While organizing the files, Jake has an epiphany and figures out the couple looking for the missing grandmother are lying as they've filed missing person reports in other states and are after insurance fraud, thus ending his slump. He also figures out that Holt gave him the boring task of reorganizing the files to help lead to this, while the rabbit's foot was just a prank.

Meanwhile, Amy (Melissa Fumero) recruits Rosa (Stephanie Beatriz) for help when Holt (Andre Braugher) asks her to run lead on the Junior Policeman Program for at-risk youth. They refuse Gina's (Chelsea Peretti) help since she isn't a cop, but the two have a hard time getting through the youth and are ultimately forced to ask for Gina's assistance. Gina attempts to convey the message through an interpretive dance, but when that fails, she succeeds by informing them about a cop's salary and that they can ignore red lights and get guns.

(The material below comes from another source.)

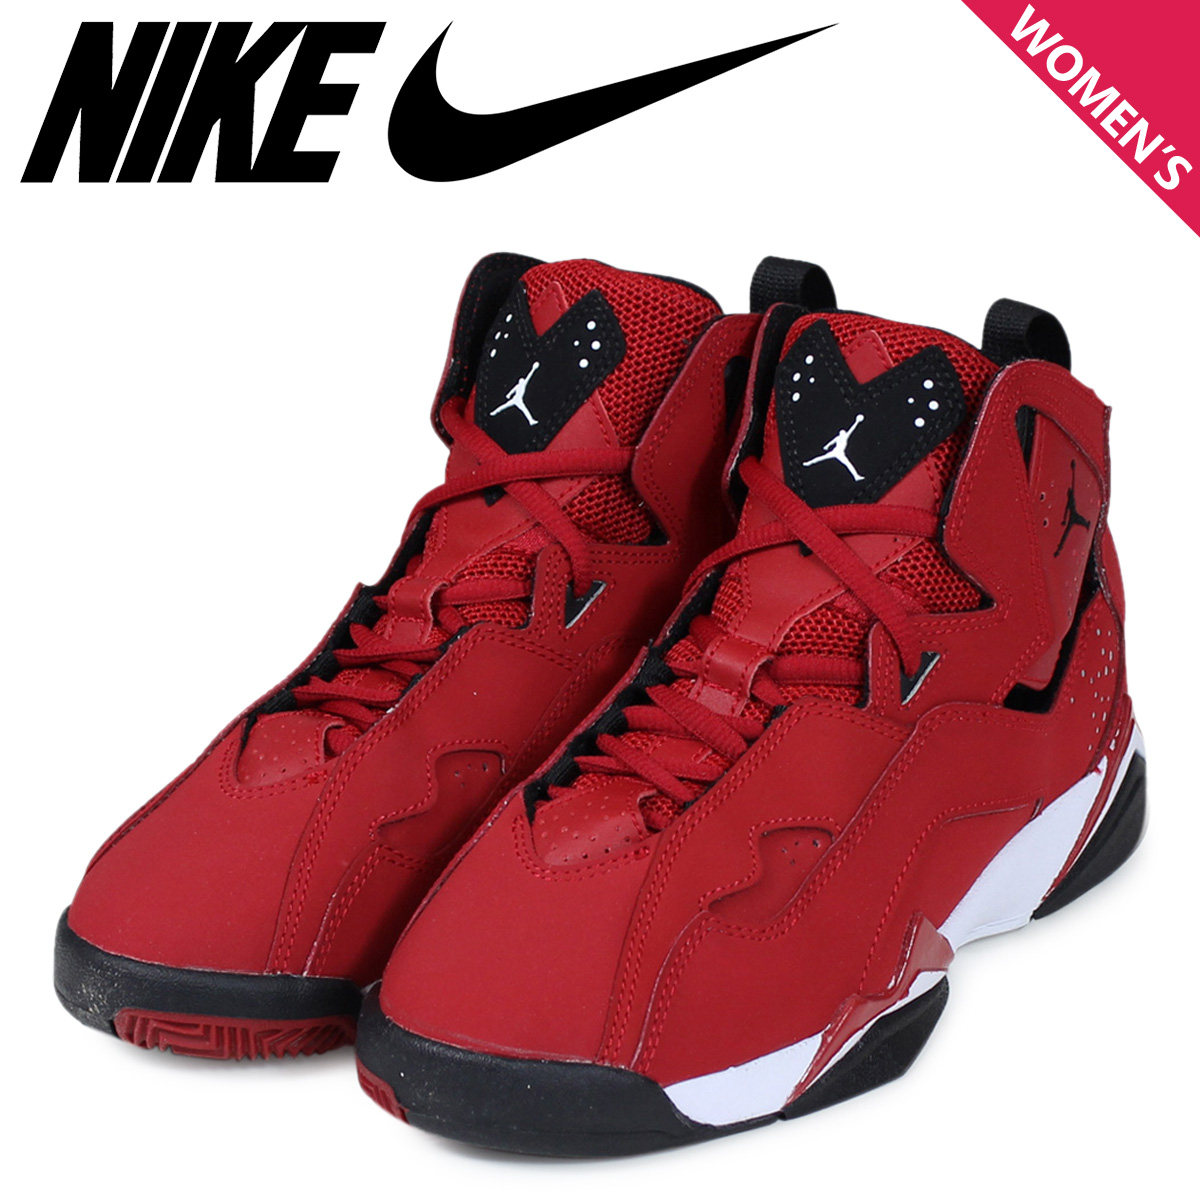 9ad453428478 ALLSPORTS  Nike NIKE Air Jordan Lady s sneakers JORDAN TRUE FLIGHT GS Air  Jordan 343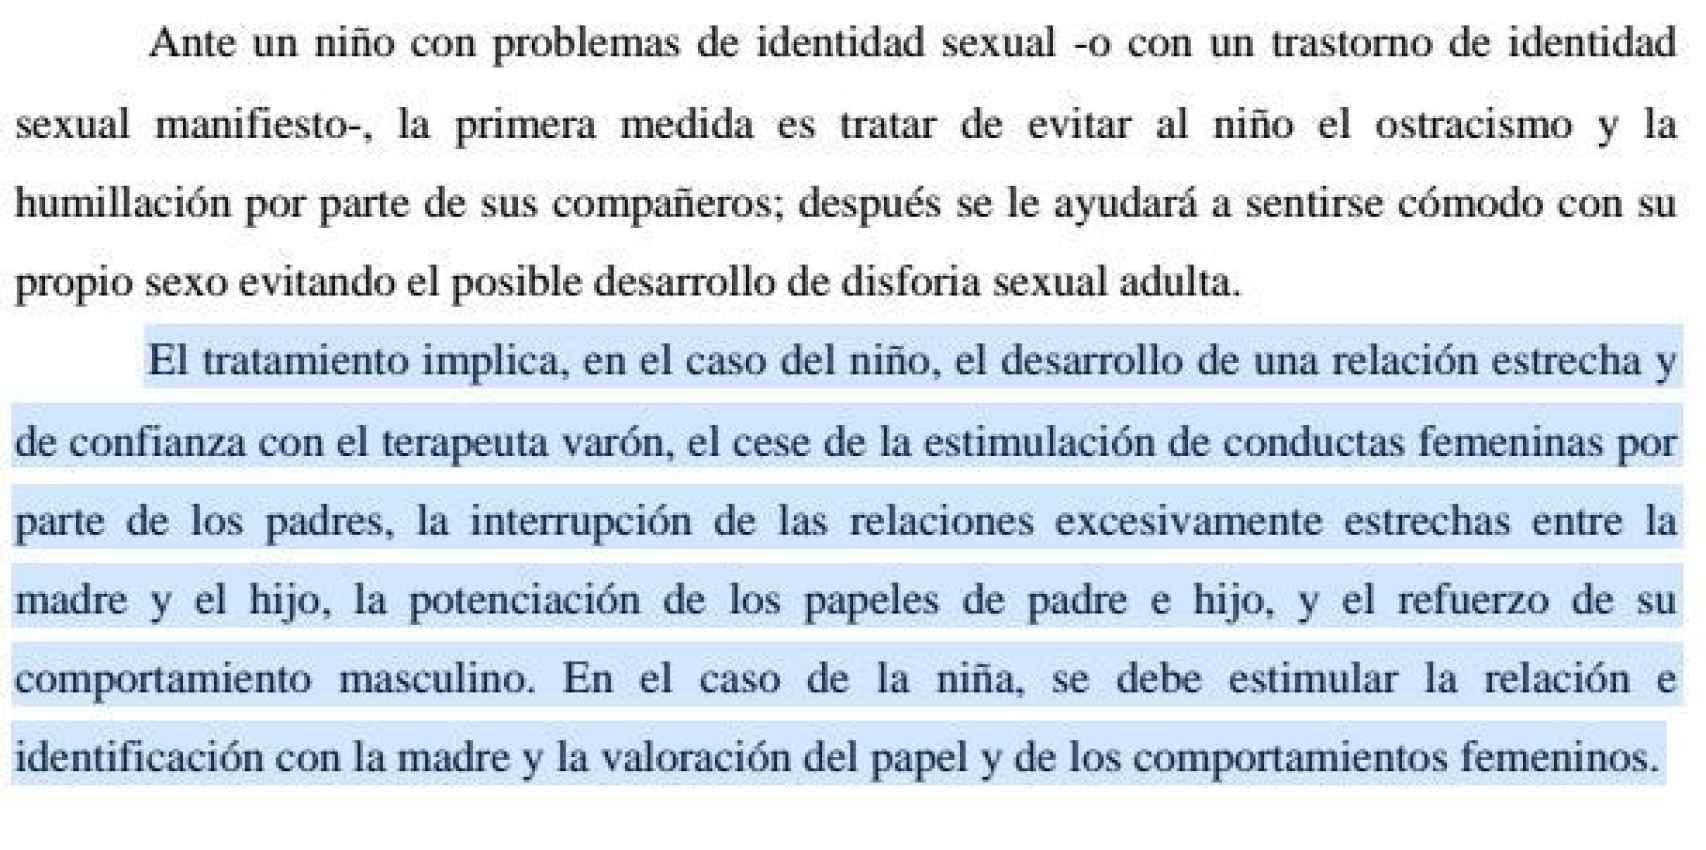 Imagen de los apuntes de la Universidad de Navarra.

Boyle (Joe Lo Truglio) finds Jeffords (Terry Crews) attempting to build a dollhouse for his twins' birthday. Jeffords refuses his help, wanting to build it on his own, but fails and ultimately breaks down in frustration. Boyle restructures the castle into a police-themed dollhouse.

==Reception==
===Viewers===
In its original American broadcast, "The Slump" was seen by an estimated 3.43 million household viewers and gained a 1.4/4 ratings share among adults aged 18–49, according to Nielsen Media Research. This was a 15% decrease in viewership from the previous episode, which was watched by 4.03 million viewers with a 1.8/5 in the 18-49 demographics. This means that 1.4 percent of all households with televisions watched the episode, while 4 percent of all households watching television at that time watched it. With these ratings, Brooklyn Nine-Nine was the third most watched show on FOX for the night, beating Dads but behind The Mindy Project, and New Girl, fourth on its timeslot and eleventh for the night in the 18-49 demographics, behind Trophy Wife, The Mindy Project, New Girl, Person of Interest, The Goldbergs, Chicago Fire, NCIS: Los Angeles, Agents of S.H.I.E.L.D., NCIS, and The Voice.

===Critical reviews===
"The Slump" received positive reviews from critics. Roth Cornet of IGN gave the episode a "good" 7.7 out of 10 and wrote, "Brooklyn Nine-Nine continues to deliver laughs and tightly constructed episodes. As the weeks progress, and we get to know these characters, I find myself enjoying them, and the series, more and more. Though I will say that I hope to see a bit more in the way of in-depth character development, in as much as 'in-depth character development' is appropriate for a comedy such as this. Which is to say, it would be nice to see Peralta and crew evolve into fully fleshed out, if wacky, humans, rather than sketches acting out similar shticks week after week. Having said that, these are pretty entertaining shticks thus far! And it does take time for things to gel in a show's first season."

Molly Eichel of The A.V. Club gave the episode a "B+" grade and wrote, "Other characters are starting to become more fully-formed as well. Boyle is a divorcé, Diaz came from the streets and Santiago didn't. While Peralta may have been thrown off his game early on, the other characters are beginning to become fully-formed beyond the traits that are introduced in the pilot. I'm pumped to see them evolve even more."

Aaron Channon of Paste gave the episode a 7.9 out of 10 and wrote, "'The Slump' is Brooklyn Nine-Nines best episode yet: The laughs finally matched the talent, and the characters are growing at a satisfying pace."